The majority of colon cancer cases are sporadic, which means a genetic mutation may happen in that individual person. However, approximately 5 percent of individuals with colon cancer have a hereditary form, which means that they have inherited a mutation from one of their parents that causes the disease. In those families, the chance of developing colon cancer is significantly higher than in the average person. These hereditary cancers typically occur at an earlier age than sporadic (non-inherited) cases of colon cancer. The risk of inheriting these mutated genes from an affected parent is 50 percent for both males and females.
Scientists have discovered several genes contributing to a susceptibility to two types of colon cancer:
- FAP (familial adenomatous polyposis)
So far, only one gene has been discovered that leads to FAP: the APC gene, located on human chromosome 5. However, over 300 different mutations have been identified in this APC gene. Individuals with this syndrome develop many polyps in their colon. People who inherit mutations in this gene have a nearly 100 percent chance of developing colon cancer by age 40.
- HNPCC (hereditary nonpolyposis colon cancer) also called Lynch Syndrome
Individuals with an HNPCC gene mutation have an estimated 80 percent lifetime risk of developing colon or rectal cancer. However, these cancers account for only three to five percent of all colorectal cancers. So far, five HNPCC genes have been discovered:
- MSH2 on chromosome 2
- MLH1 on chromosome 3
- PMS2 on chromosome 7
- MSH6 on chromosome 2
- PMS1 on chromosome 2
Mutations in MSH2 and MLH1 are the most common mutations that cause HNPCC. A mutation in PMS1 was originally reported in a single family with HNPCC, however, this mutation was not found in all members of the family who had developed the disease. For this reason, the role of PMS1 in HNPCC is currently being questioned.
The genes that cause HNPCC and FAP were relatively easy to discover because they exert strong effects. Other genes that cause susceptibility to colon cancer are harder to discover because the cancers are caused by a number of genes, each of which individually exerts a weak effect.
Is there a test for hereditary colon cancer?

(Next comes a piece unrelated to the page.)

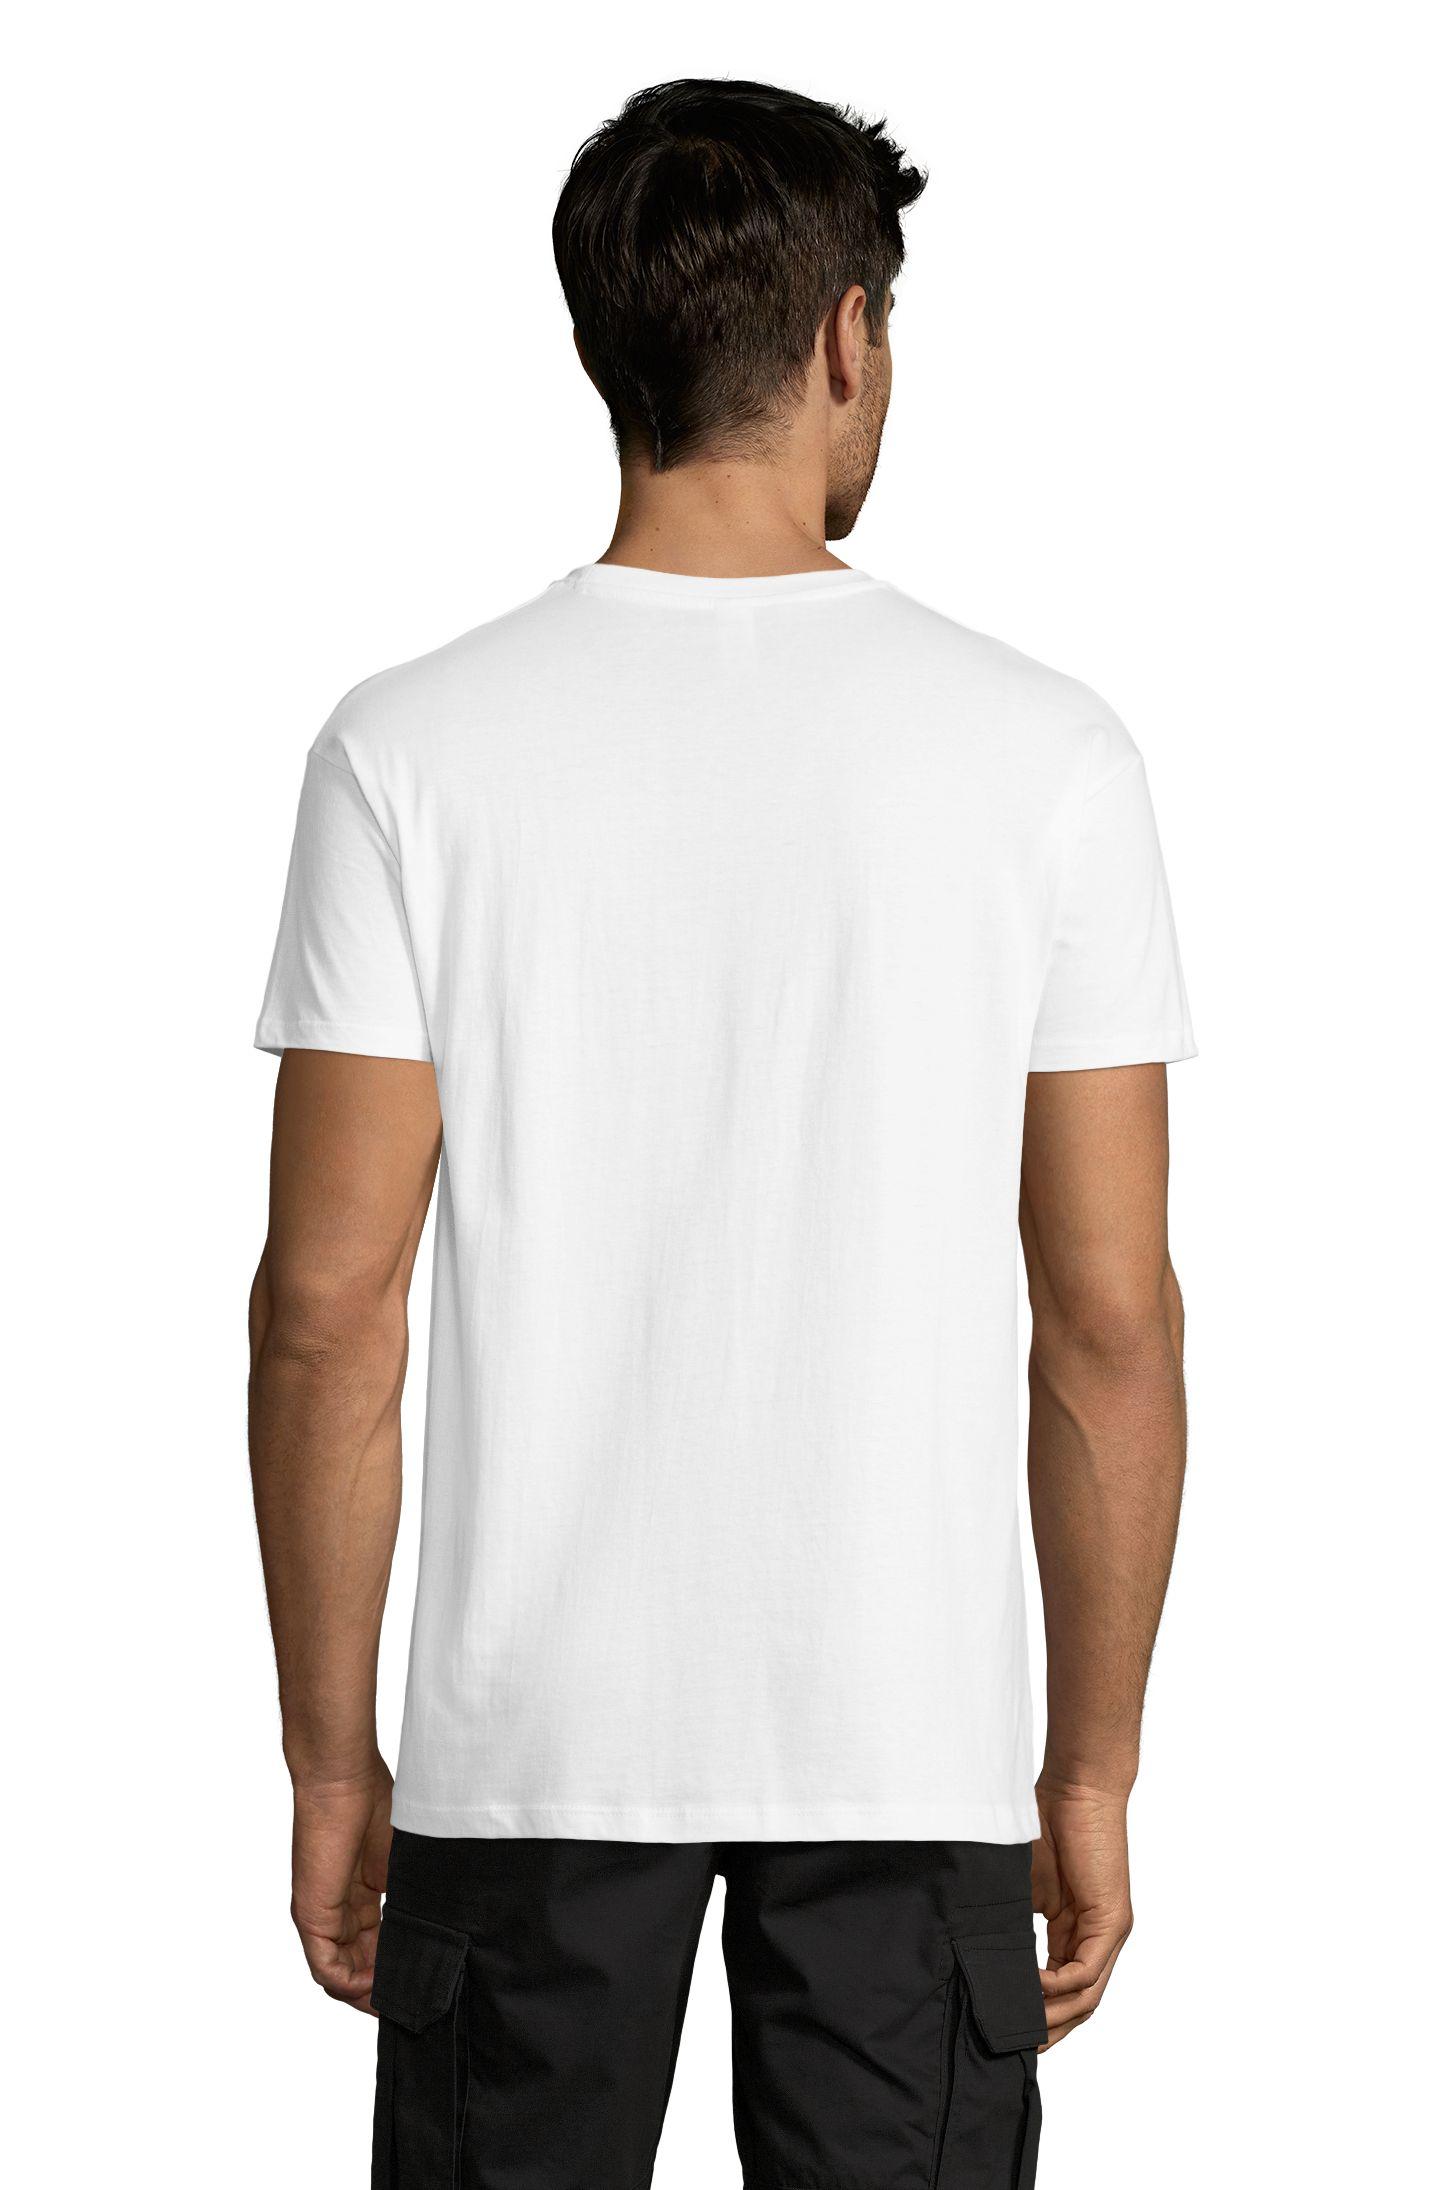 102 - White

Gene testing can identify individuals who carry the more common gene mutations associated with FAP or HPNCC, such as those listed above. However, these tests may not identify all gene mutations that cause FAP or HNPCC. In some families, additional mutations may be present that cause the FAP or HNPCC, which cannot be detected by the commonly used gene tests.
The test for FAP syndrome involves examining DNA in blood cells called lymphocytes (white blood cells), looking for mutations in the APC gene. No treatment to reduce cancer risk is currently available for people with APC mutations that are associated with FAP. But for those who test positive, frequent surveillance can detect the cancer at an early, more treatable stage. Because of the early age at which this syndrome appears, the test may be offered to children under the age of 18 if they have a parent known to carry the mutated APCgene.
Researchers hope that an easier test, which is currently experimental, will become available for common use in three to five years. This new test looks for cancer cells with the APC mutation in a stool sample.
Genetic testing for HNPCC involves looking for mutations in four of the five genes identified that are associated with HNPCC – MLH1, MSH2, MSH6, and PMS2.
Individuals in families at high risk of genetic predisposition may consider testing. Genetic counselors can help individuals make decisions regarding testing.